Possible coronavirus entry into organs identified

coronavirus
Credits: Cornell / Cell Report

Views: 3

 – The initial battle takes place in the nostrils, the study indicates alternative pathways that the virus can use to enter the lungs, central nervous system and heart

Minapim by Hernan Valenzuela: In several studies, scientists at Cornell University have identified the cunning behavior of SARS-CoV-2, which causes the COVID-19 coronavirus. When the virus enters the body, it shuts down a part of the immune system, facilitating its spread within the body for a few days before the immune system can identify the invader.

The researchers have yet to identify the full scope of tissues and cell types that are most vulnerable to SARS-CoV-2. Much research has focused on identifying genes and pathways that facilitate entry of the virus into lung cells, but clinical and scientific data indicate that it can cause damage to a wide range of organs.

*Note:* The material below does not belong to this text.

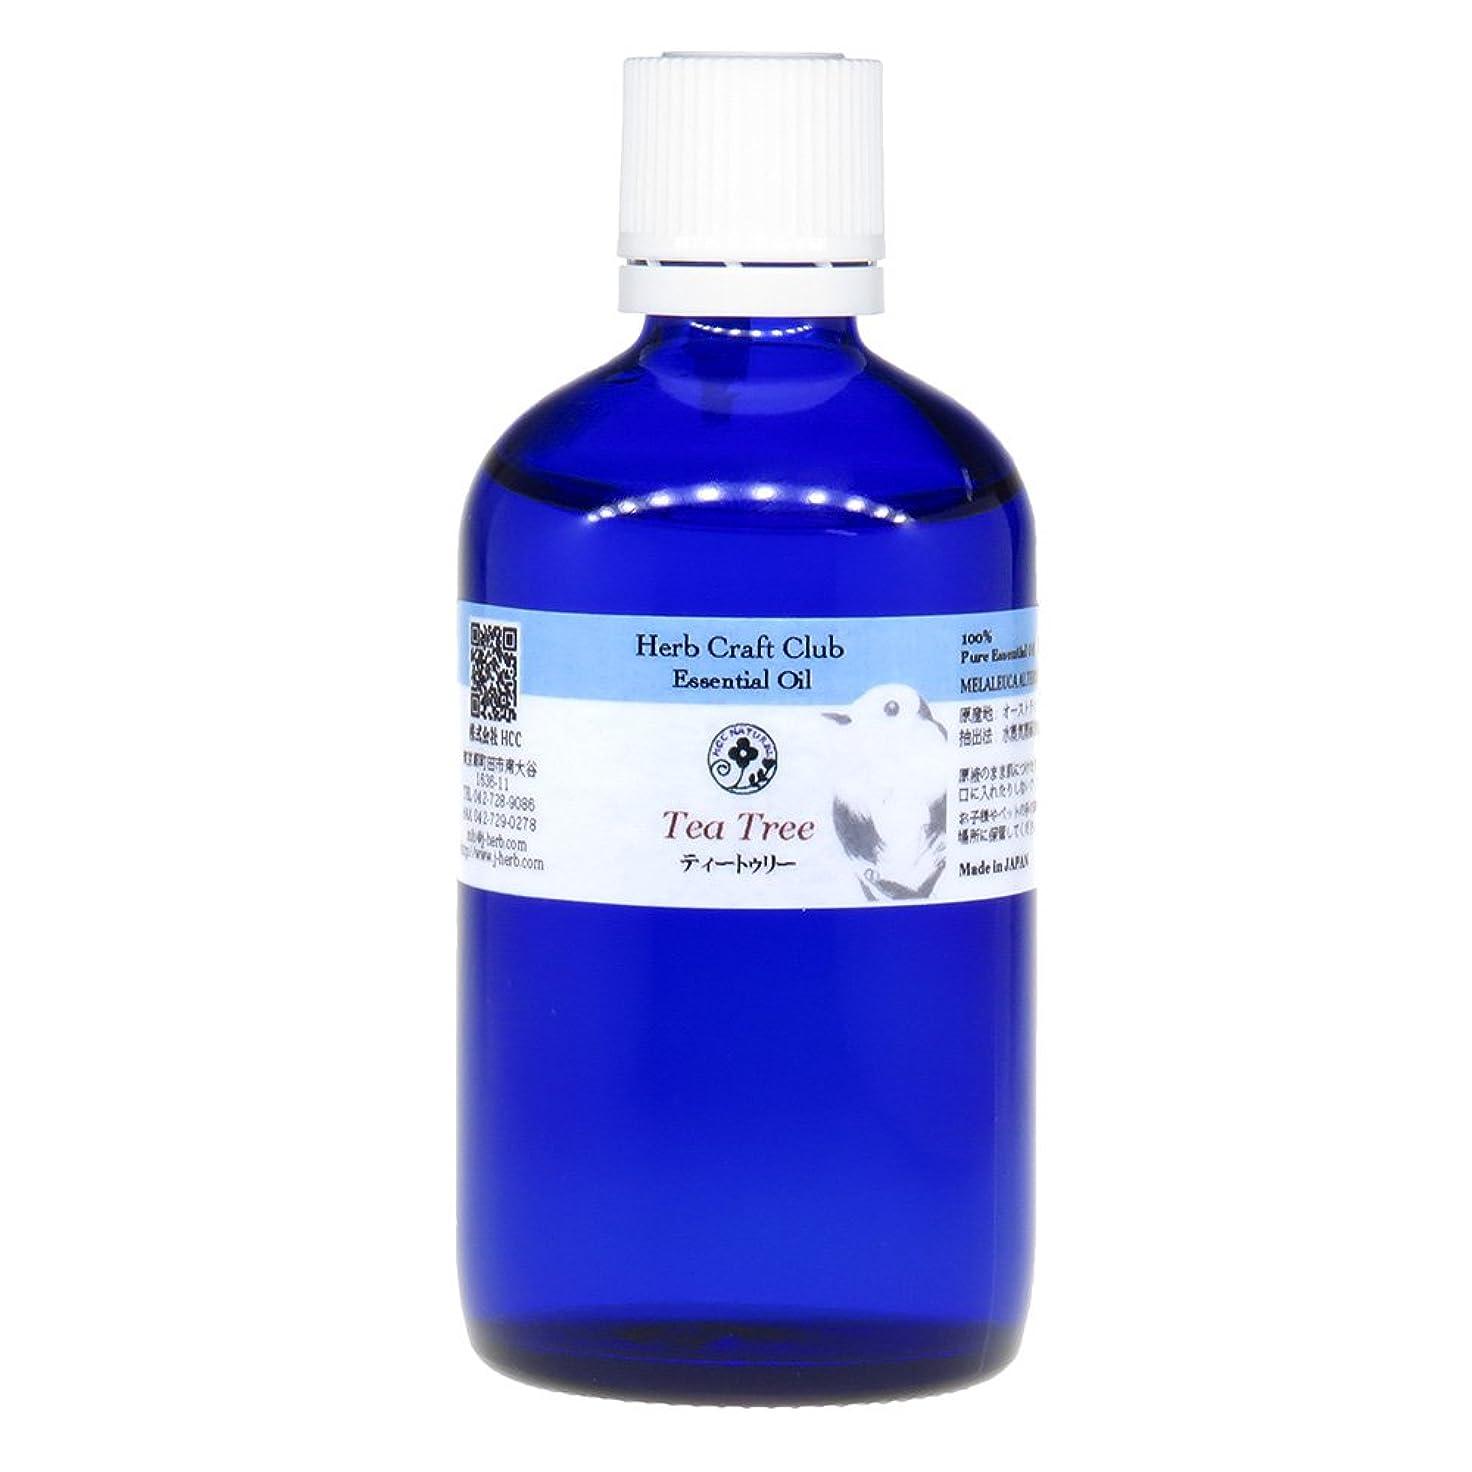 不正確乱暴なシールドティートゥリー105ml 100%天然エッセンシャルオイル ※徳用サイズ 卸価格

In new research at Cornell University, potential roadmaps for the internal process of the virus were developed, in the infection of other organs and identifies which molecular factors can help to facilitate or restrict the infection.

To predict the growth (tropism) of the human coronavirus, 28 SARS-CoV-2 and coronavirus-associated receptors and factors (SCARFs) were profiled using transcriptomics (studies the RNA molecules, which determine which genes will be expressed) a single cell in several healthy human tissues. SCARFs include cellular factors that facilitate and restrict viral entry.

“The data suggest that it is not just a respiratory disease. It is much broader than that and has the potential to affect many other organs, ”said Cedric Feschotte, professor in the Department of Molecular Biology and Genetics at the Faculty of Agriculture and Life Sciences. “Our analysis suggests that there is a wide range of cellular vulnerabilities.”

Feschotte is the lead author of “A Single Cell RNA Expression Map of Human Coronavirus Input Factors” in Cell Reports. Other co-authors are Manvendra Singh, a postdoctoral associate at Feschotte Lab and a Cornell Presidential Fellow; and Vikas Bansal, computational biologist at the German Center for Neurodegenerative Diseases in Bonn.

The new study maps the expression of 28 human genes called “SCARFs” – SARS-CoV-2 and Receptors and Factors Associated with Coronavirus action. By looking at the RNA expression of a single cell in these genes, they can predict which tissues and cell types are most vulnerable to infection by the action of the coronavirus – in adults and embryos.

The analysis also predicts entry paths that do not follow the most usual structure for lung and brain infections. Sperm cells and prostate endocrine cells also appear to be permissive to SARS-CoV-2 infection, suggesting male-specific vulnerabilities.

Both pro and antiviral factors are highly expressed in the nostrils (in the nasal epithelium), with potential age-dependent variation, providing an important battleground to stop infection by the action of the coronavirus. The analysis also suggests that early embryonic and placental development has a moderate risk of infection.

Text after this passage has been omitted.